Rich, like its original inhabitants, so is the history of San Telmo. Once home to Buenos Aires’ aristocrats, it was the yellow fever epidemic of 1871 which propelled the elitists to flee this southern quarter and relocate to the north-central neighborhood of Recoleta. This move left San Telmo with empty mansions and a lost innocence. But, to the fresh immigrants just off the boats from Italy and Spain, the architecturally astute facades were more than appealing. The old homes were renovated into “conventillo,” hosting hundreds of newcomers, transforming this once-affluent-only district into a dazzling mosaic of diversity and culture.    

 

 

Nowadays, the neighborhood has been beautifully restored, fusing the old with the new, and making it a microcosm of true porteño culture.

 

 

Sundays are perhaps the most exciting time to experience this unique and alluring ambiance. From 10 a.m. to 5 p.m. people of all colors, sizes and nationalities flock to Plaza Dorrego for the weekly antique fair, Feria de San Pedro Telmos. Defensa Street between Avenida San Juan and Avenida Independencia is blocked off to motorists while travelers and locals alike, stroll through the marketplace discovering the assortment of antiques available: dinnerware, old cowboy get-up, colored soda siphons, and costume jewelry.

 

 

To off-set the old, a group of modern designers congregate in the northwest corner of Plaza Dorrego in what seems like a warehouse, or small one-level parking garage. After entering (there is no sign), you’ll come upon a small market brimming with contemporary fashion designers. From avant-garde evening dresses to handmade suede shoes, leather handbags and modern jewelry designs, you are sure to feel as if you are truly in Paris—or London, or New York—sans the pretentious feel.

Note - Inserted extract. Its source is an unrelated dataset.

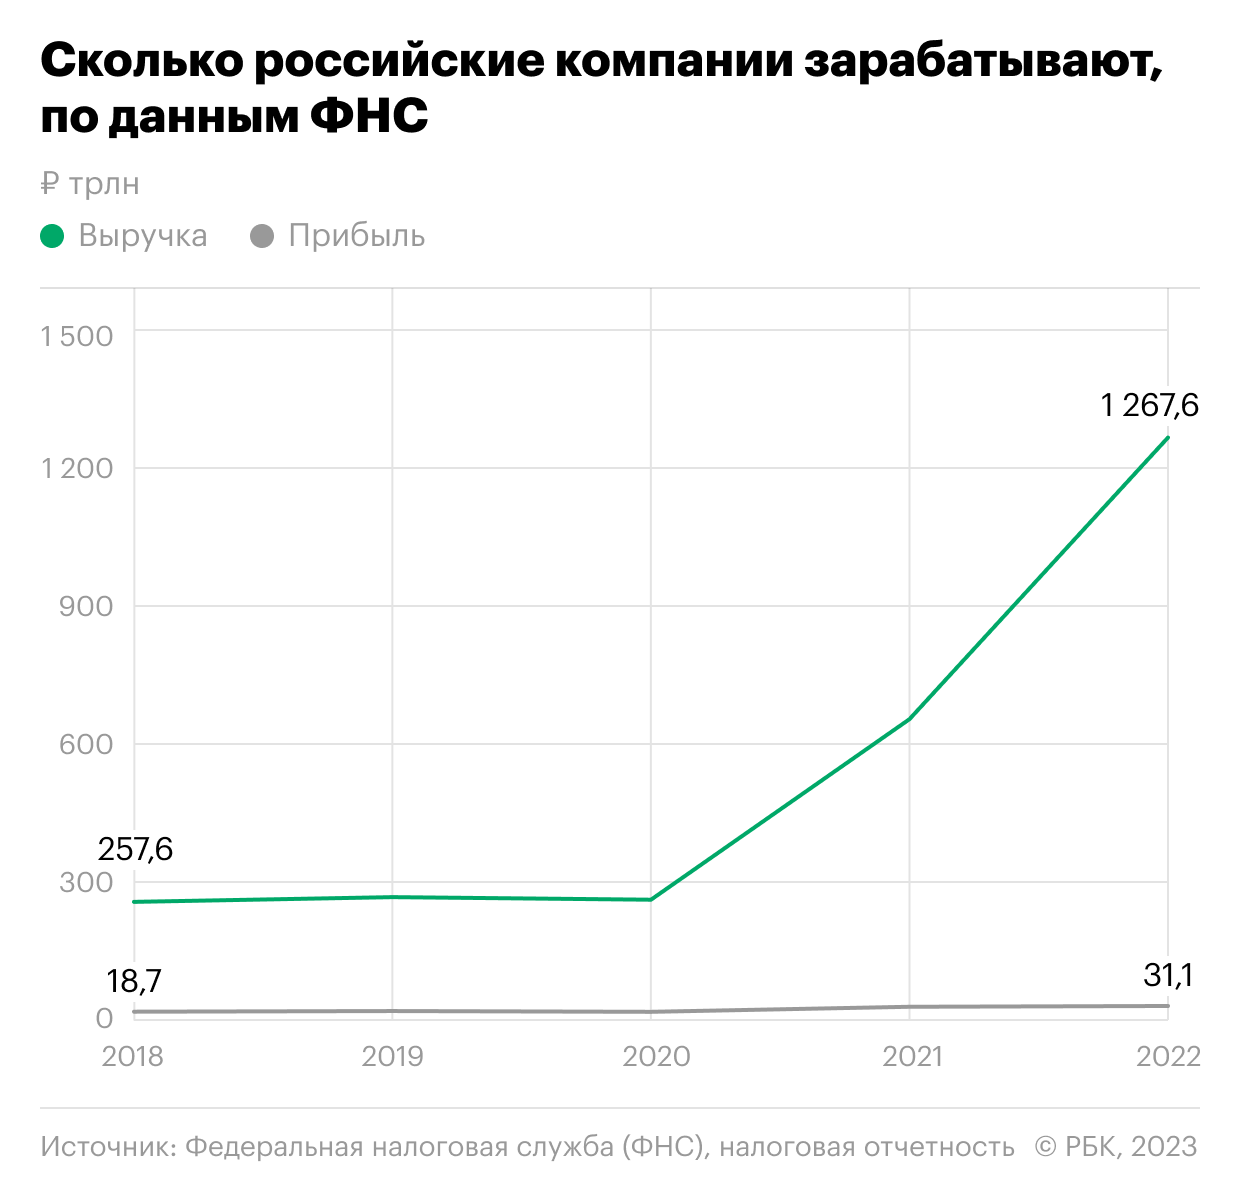 Как компании в России заявили о выручке больше квадриллиона. Инфографика

Perhaps this is because of the affordability of the oh-so-creative items.

 

 

Outside in the open-air, painters, jewelers, and food artisans—including one man who makes a tasty dulce de leche liquor—set up shop along the side streets of Avenida Humberto 1 and Carlos Calvo. While popping in and out of Defensa’s eclectic mix of shops, visitors are graced with live tango performances and other musical street troupes.

 

 

And if you get tired of strolling, tuck yourself into a chair at one of the many outdoor cafés where you can sip an espresso, nibble on a fresh pastry and people watch. Like the locals, you might just find yourself contemplating the crazy world and wondering why not everywhere can be this carefree and pleasant.